Given material -
──────
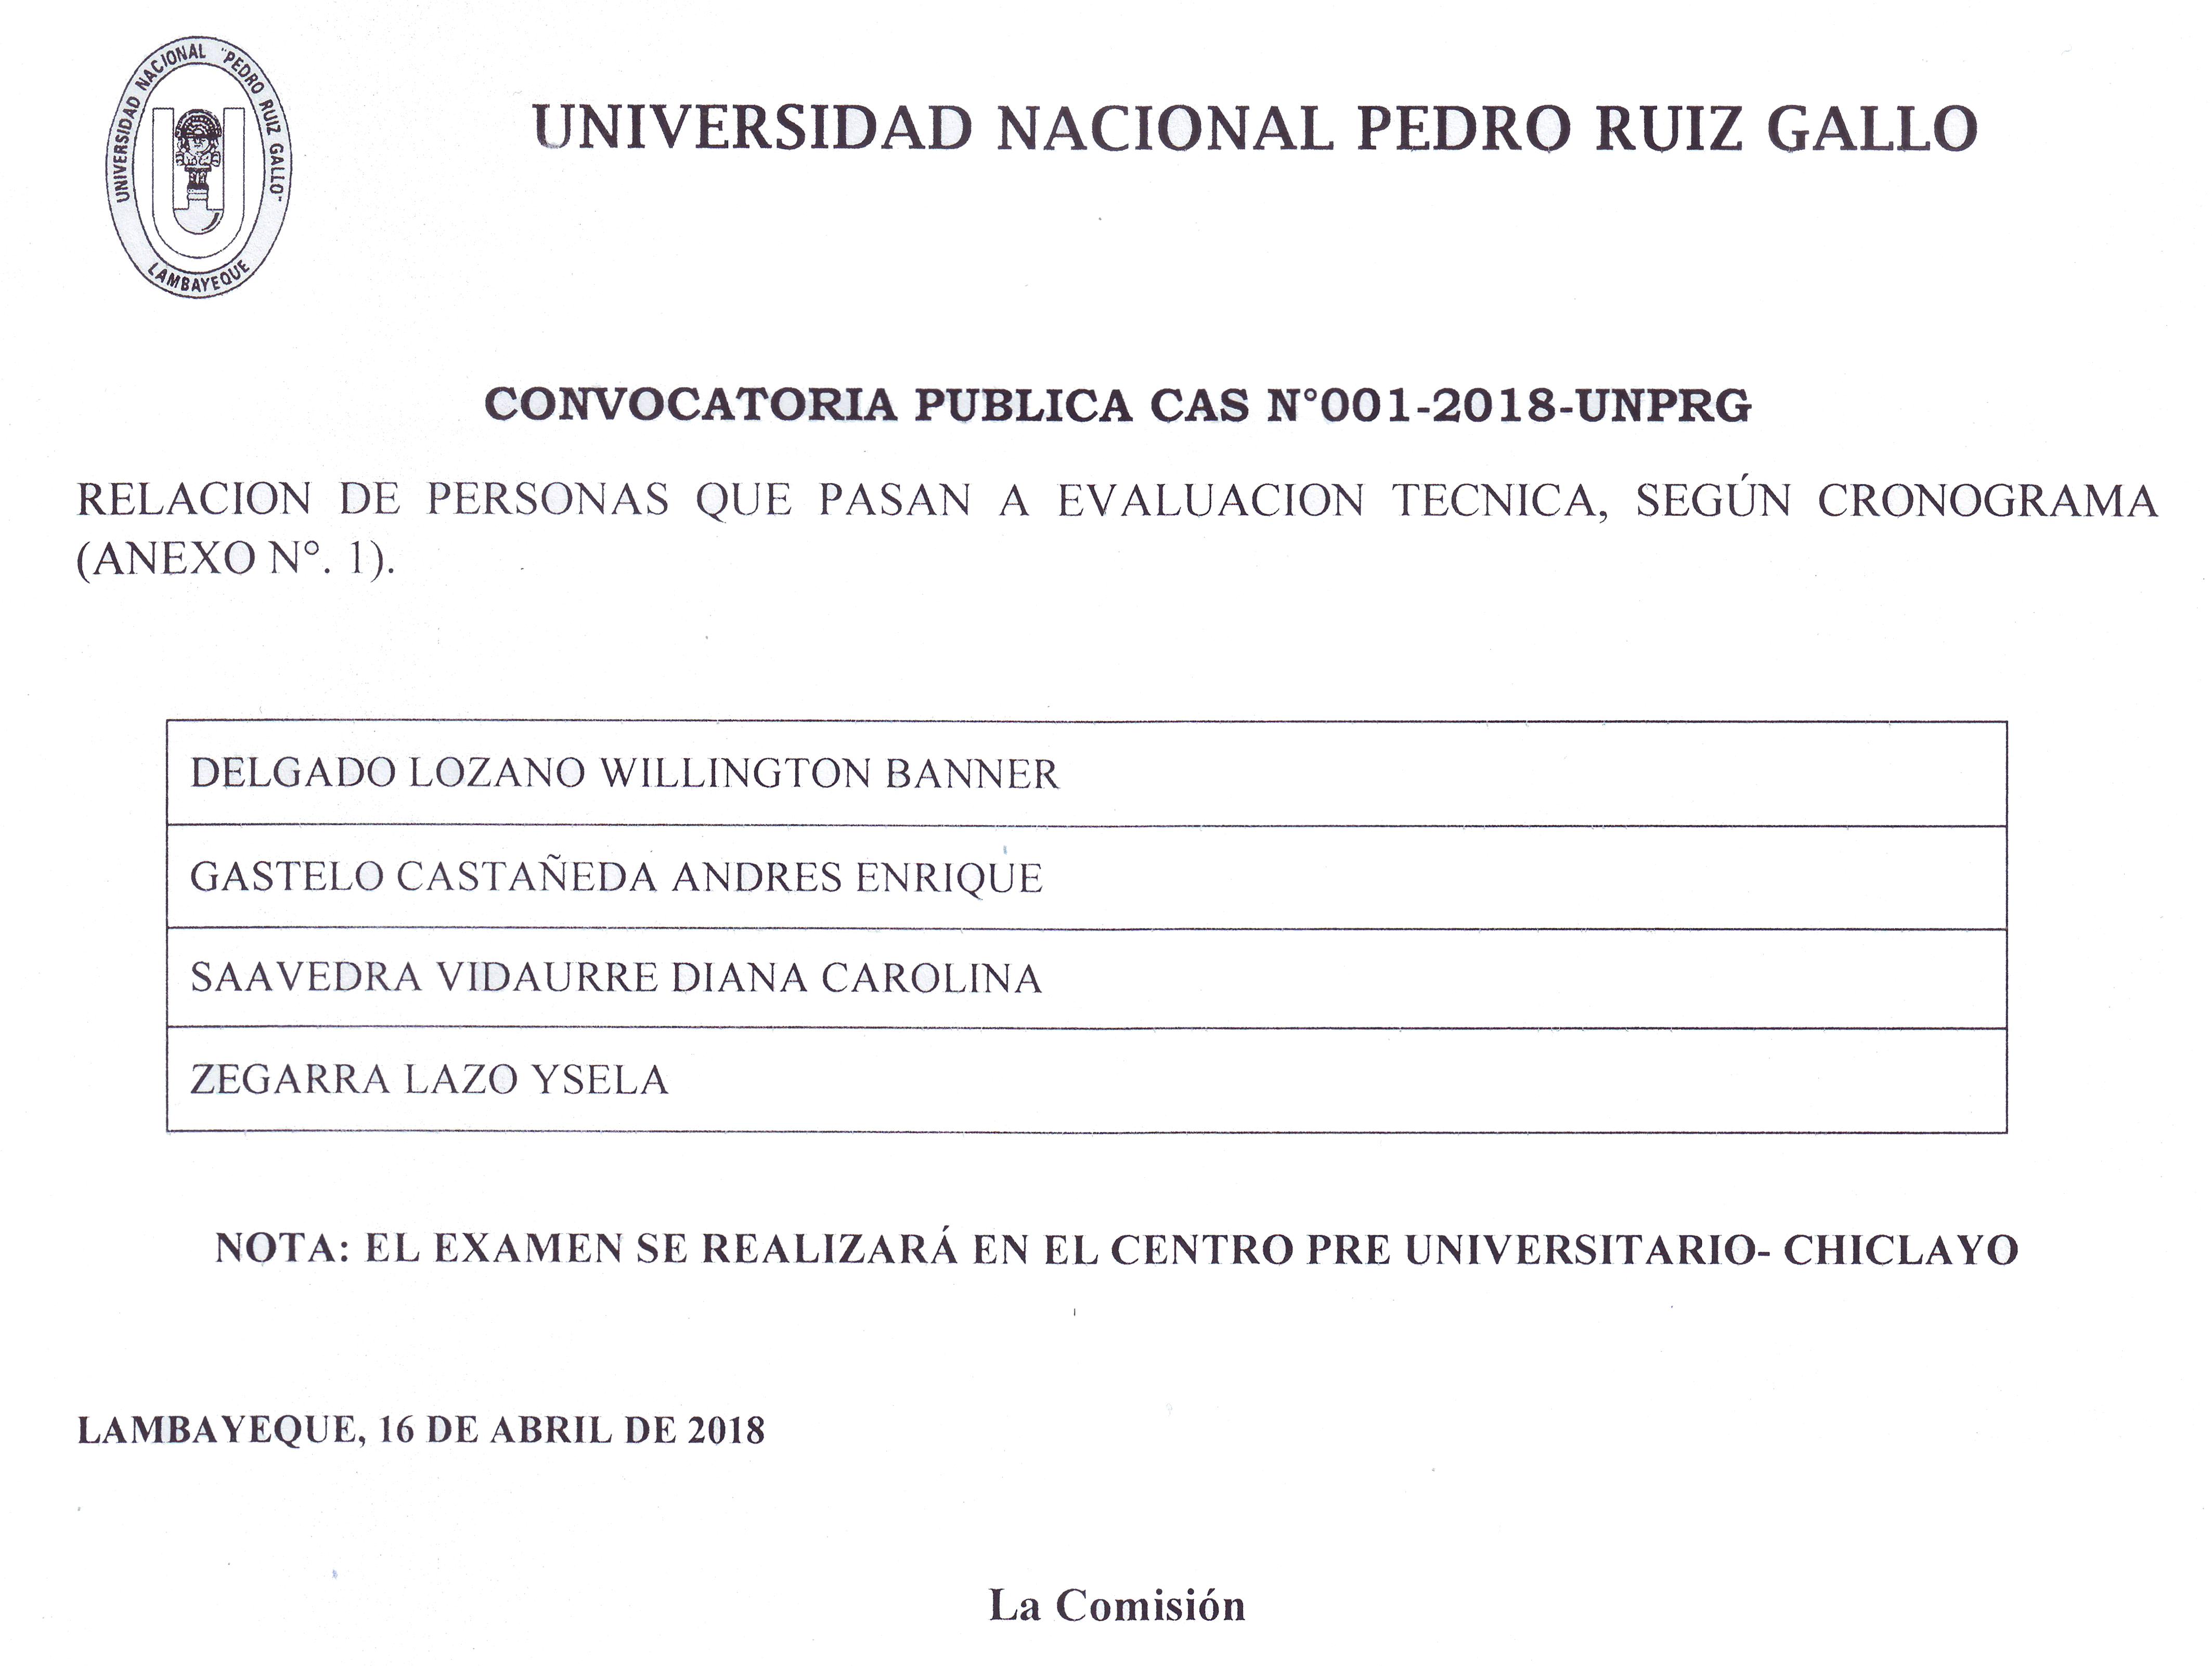 Noticias | Universidad Nacional Pedro Ruiz Gallo | UNPRG
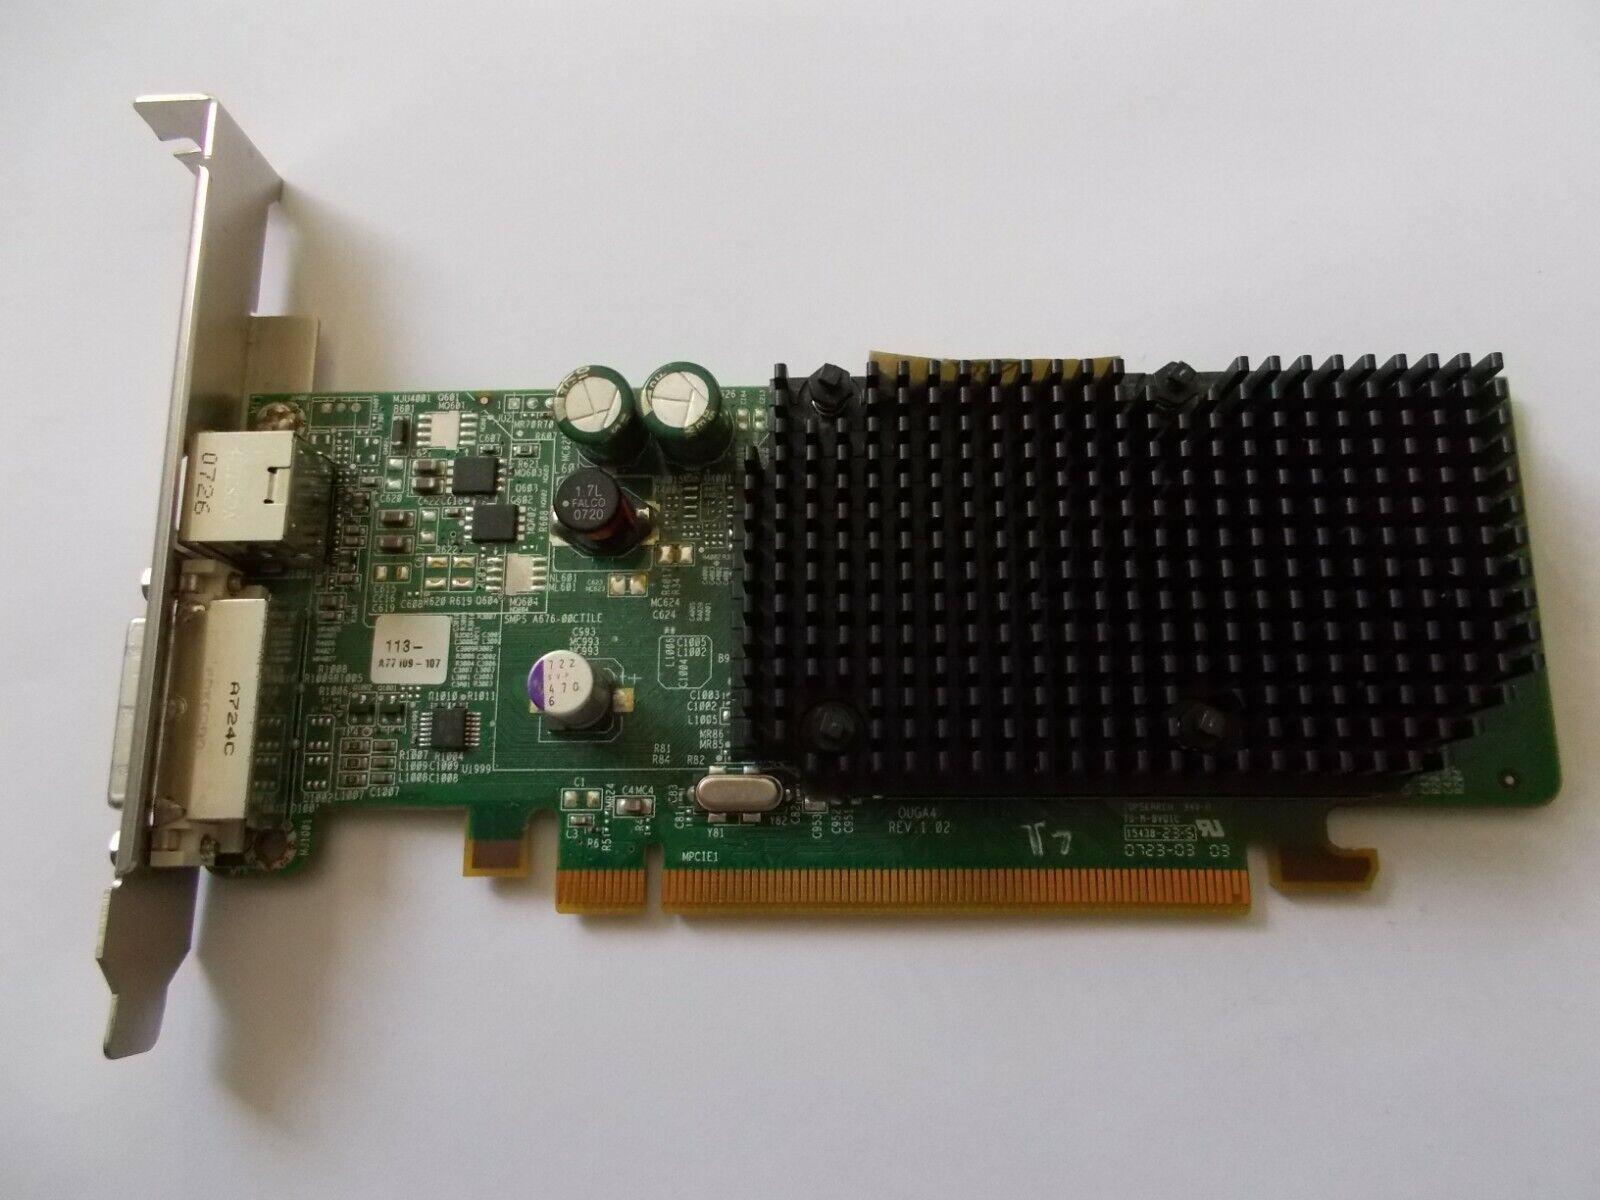 ATI Radeon X1300 128MB Low Profile Pci-E Graphics Card, #SU196
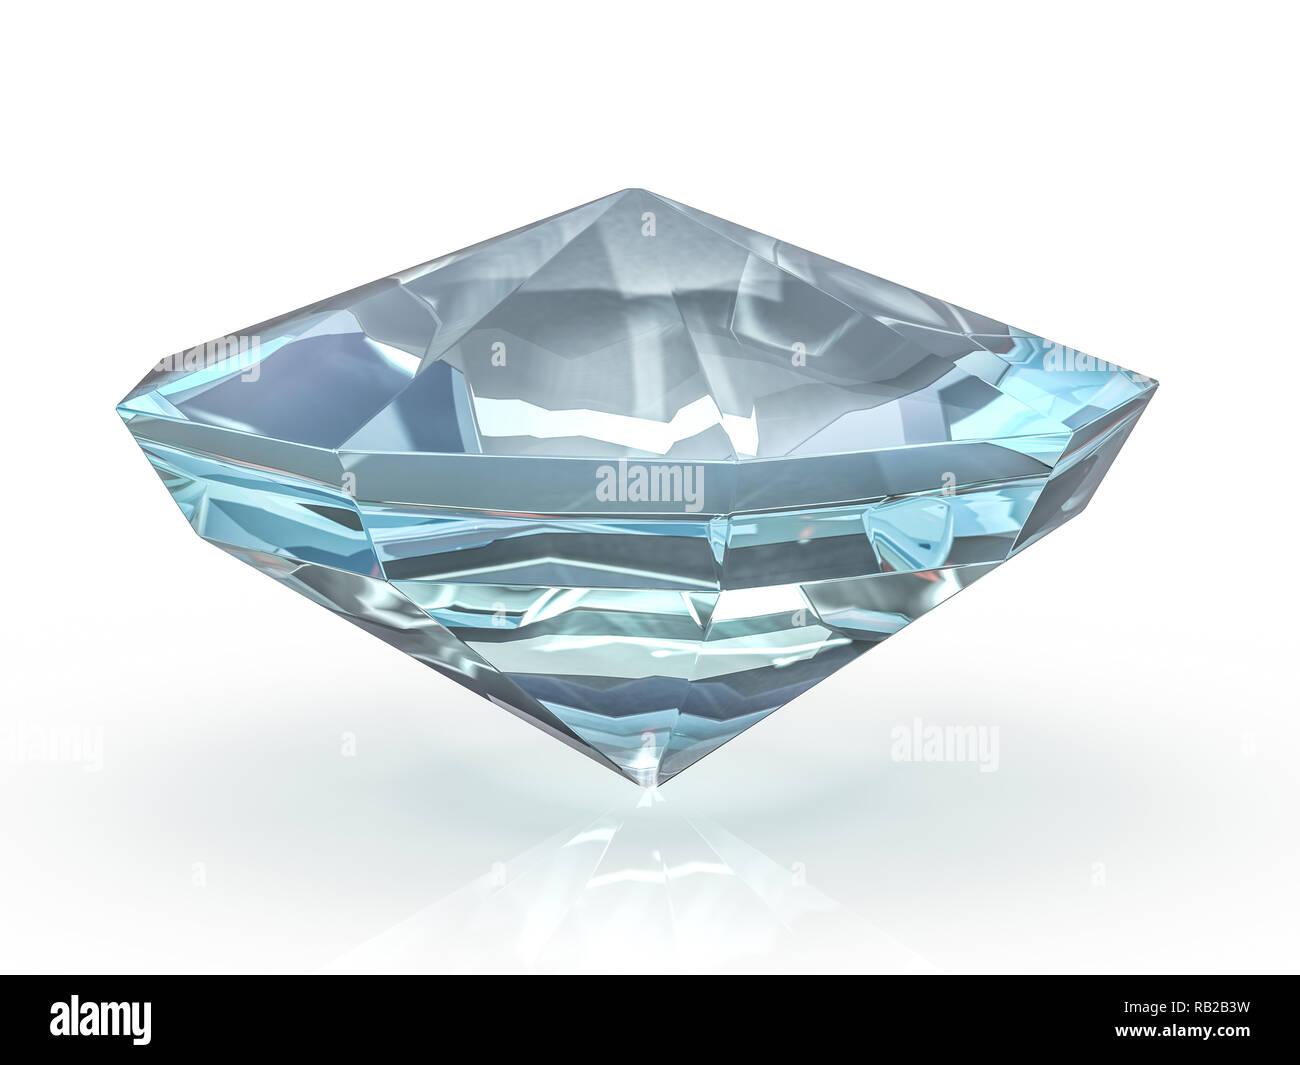 43d801fc09b2 Diamante deslumbrante sobre un fondo blanco. 3D rendering Imagen De Stock
──────
The answer must be the full listing above, copied exactly, with no pictures in it.

 Noticias | Universidad Nacional Pedro Ruiz Gallo | UNPRG
 ATI Radeon X1300 128MB Low Profile Pci-E Graphics Card, #SU196
 43d801fc09b2 Diamante deslumbrante sobre un fondo blanco. 3D rendering Imagen De Stock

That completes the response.